PURPOSE/HYPOTHESIS: To compare the clinical outcomes of patients undergoing hip arthroscopic surgery for FAI with T-capsulotomy with partial capsular repair (PR; closed vertical incision, open interportal incision) versus complete capsular repair (CR; full closure of both incisions). The hypothesis was that there would be improved clinical outcomes in patients undergoing CR compared with those undergoing PR.

STUDY DESIGN: Cohort study; Level of evidence, 3.
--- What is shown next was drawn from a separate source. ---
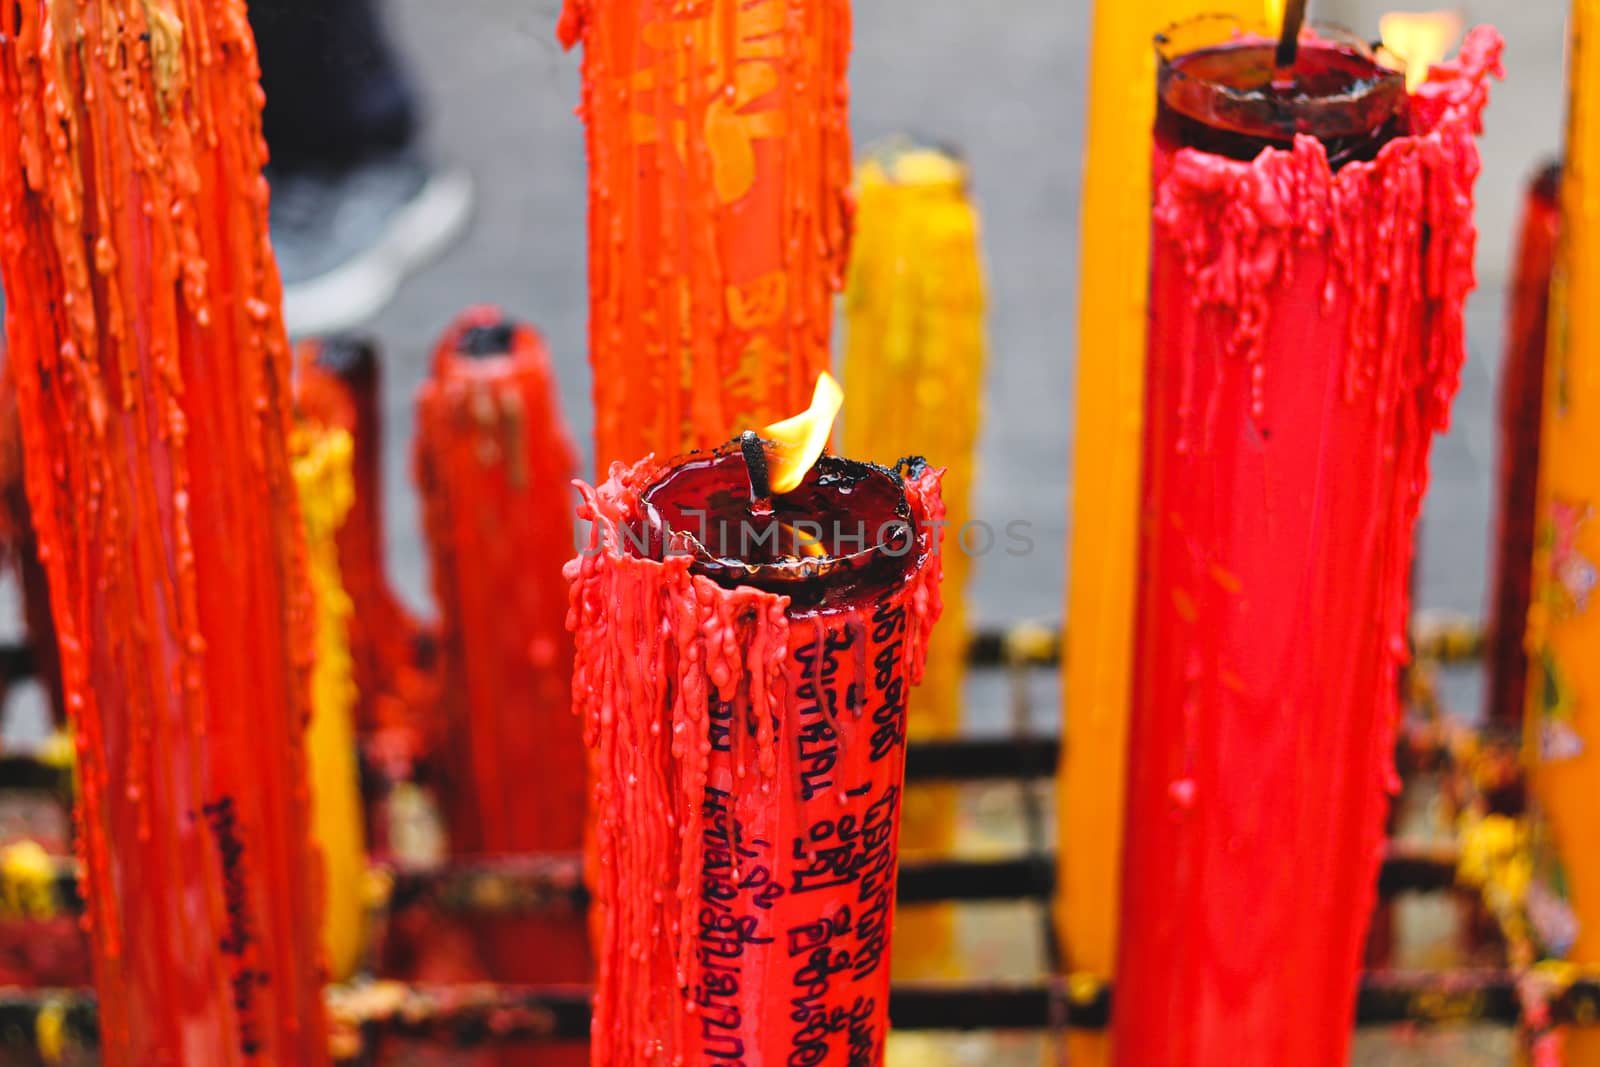 Red candles use as prayer offerings in Chinese tradition during Lunar New Year

METHODS: Consecutive patients undergoing hip arthroscopic surgery for FAI by a single fellowship-trained surgeon from January 2011 to January 2012 were prospectively collected and analyzed. Inclusion criteria included all patients between ages 16 and 65 years with physical examination and radiographic findings consistent with symptomatic FAI, with a minimum 2-year follow-up. For analysis, patients were matched according to sex and age ±2 years. Primary clinical outcomes were measured via the Hip Outcome Score Activities of Daily Living (HOS-ADL) and Sport-Specific (HOS-SS) subscales, the modified Harris Hip Score (mHHS), patient satisfaction (measured on a visual analog scale), and clinical improvement at baseline, 6 months, 1 year, and 2 years. Statistical analysis was performed utilizing Student paired and unpaired t tests, with P < .05 considered significant.
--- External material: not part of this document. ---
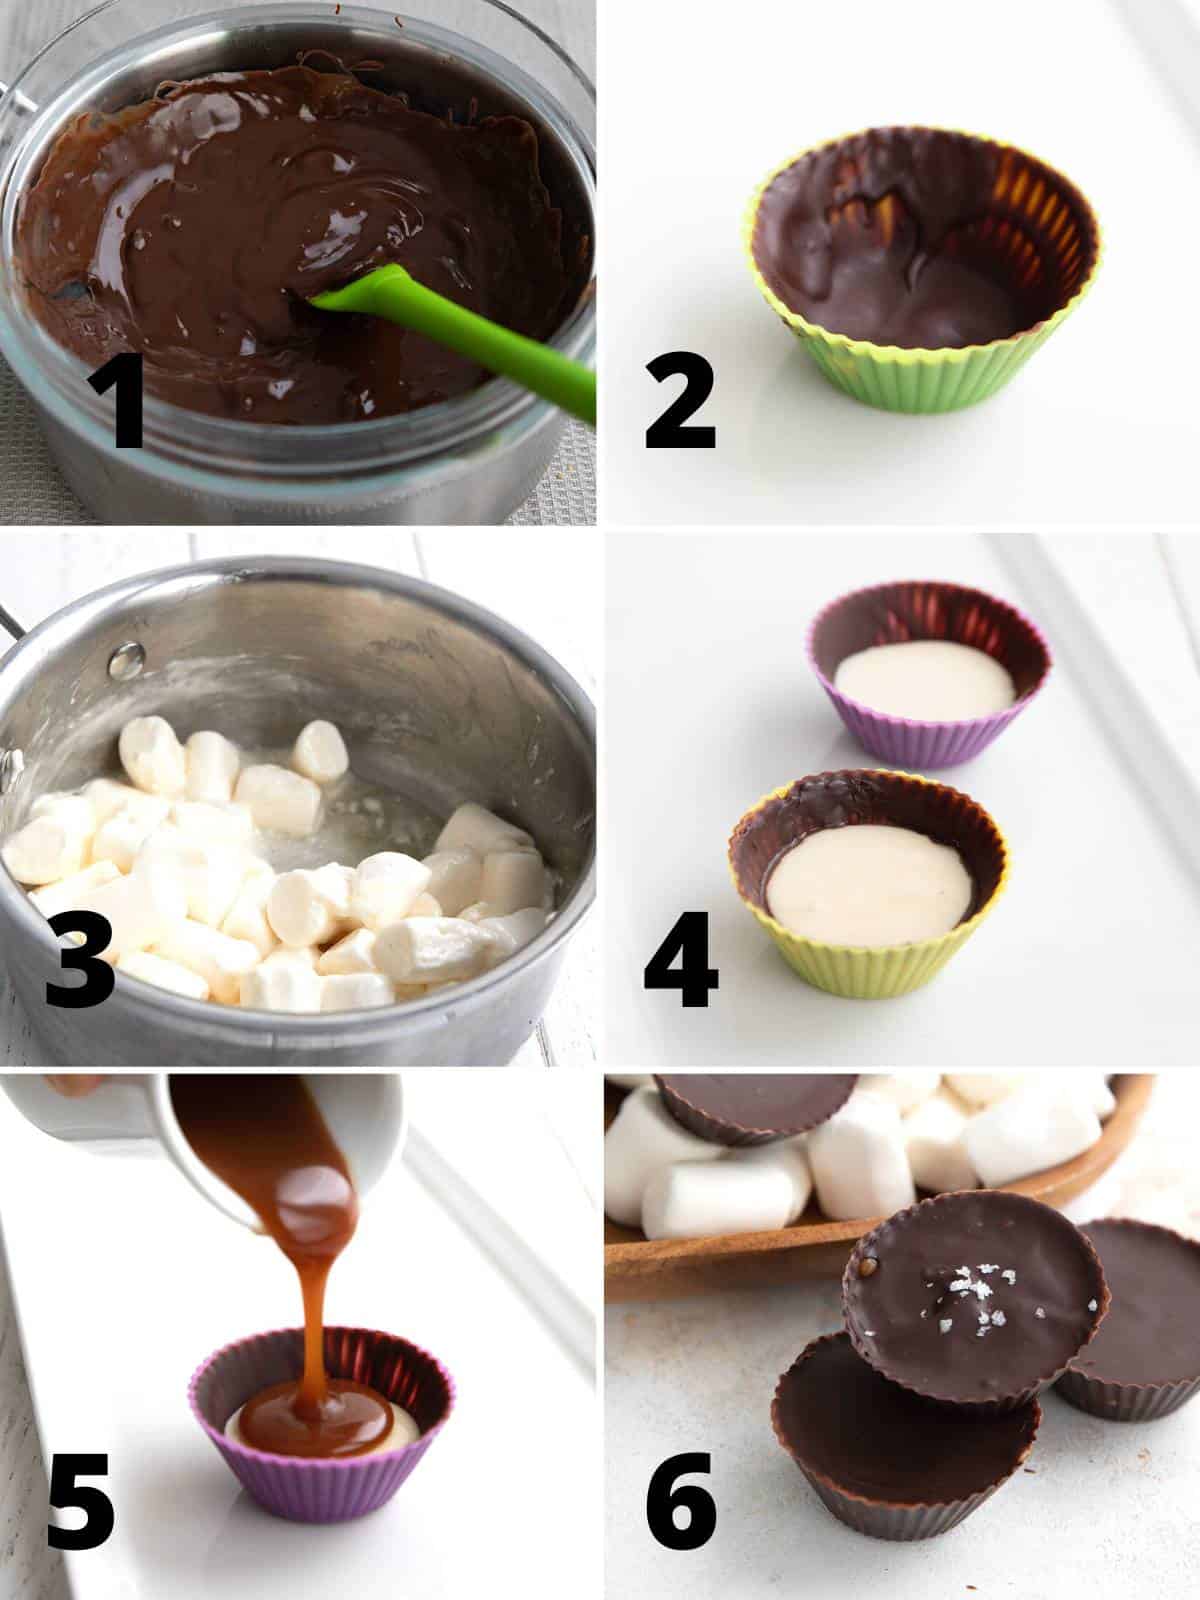 A collage of 6 images showing how to make Keto Mallow Cups.

RESULTS: A total of 64 patients were included in the study, with 32 patients (12 male, 20 female) in each group. The average follow-up was 29.9 ± 2.6 months. There were no significant demographic differences between the groups. The CR group demonstrated significantly superior outcomes in the HOS-SS at 6 months (PR: 63.8 ± 31.1 vs CR: 72.2 ± 16.1; P = .039), 1 year (PR: 72.7 ± 14.7 vs CR: 82.5 ± 10.7; P = .006), and 2.5 years (PR: 83.6 ± 9.6 vs CR: 87.3 ± 8.3; P < .0001) after surgery. Patient satisfaction at final follow-up was significantly better in the CR group (PR: 8.4 ± 1.0 vs CR: 8.6 ± 1.1; P = .025). Both groups demonstrated significant improvements in the HOS-ADL (PR: 64.6 ± 17.0 to 90.7 ± 8.4 [P < .0001]; CR: 66.1 ± 15.7 to 92.1 ± 7.9 [P < .0001]) and HOS-SS (PR: 39.4 ± 23.9 to 83.6 ± 9.6 [P < .0001]; CR: 39.1 ± 24.2 to 87.3 ± 8.3 [P < .0001]) at final follow-up. There were no significant differences between the groups in the HOS-ADL at any time point. There were no significant differences in the mHHS between the groups at final follow-up (PR: 82.5 ± 5.0 vs CR: 83.0 ± 4.4; P = .364). The overall revision rate was 6.25%; all patients (n = 4) who required revision arthroscopic surgery were in the PR group (13% of 32 patients), while no patients in the CR group required revision surgery.

CONCLUSION: While significant improvements were seen at 6 months, 1 year, and 2.5 years of follow-up regardless of the closure technique, patients who underwent CR of the hip capsule demonstrated superior sport-specific outcomes compared with those undergoing PR. There was a 13% revision rate in the PR group, but no patients in the CR group required revision surgery. While longer term outcome studies are needed to determine if these results are maintained over time, these data suggest improved outcomes after CR compared with PR at 2.5 years after hip arthroscopic surgery for FAI.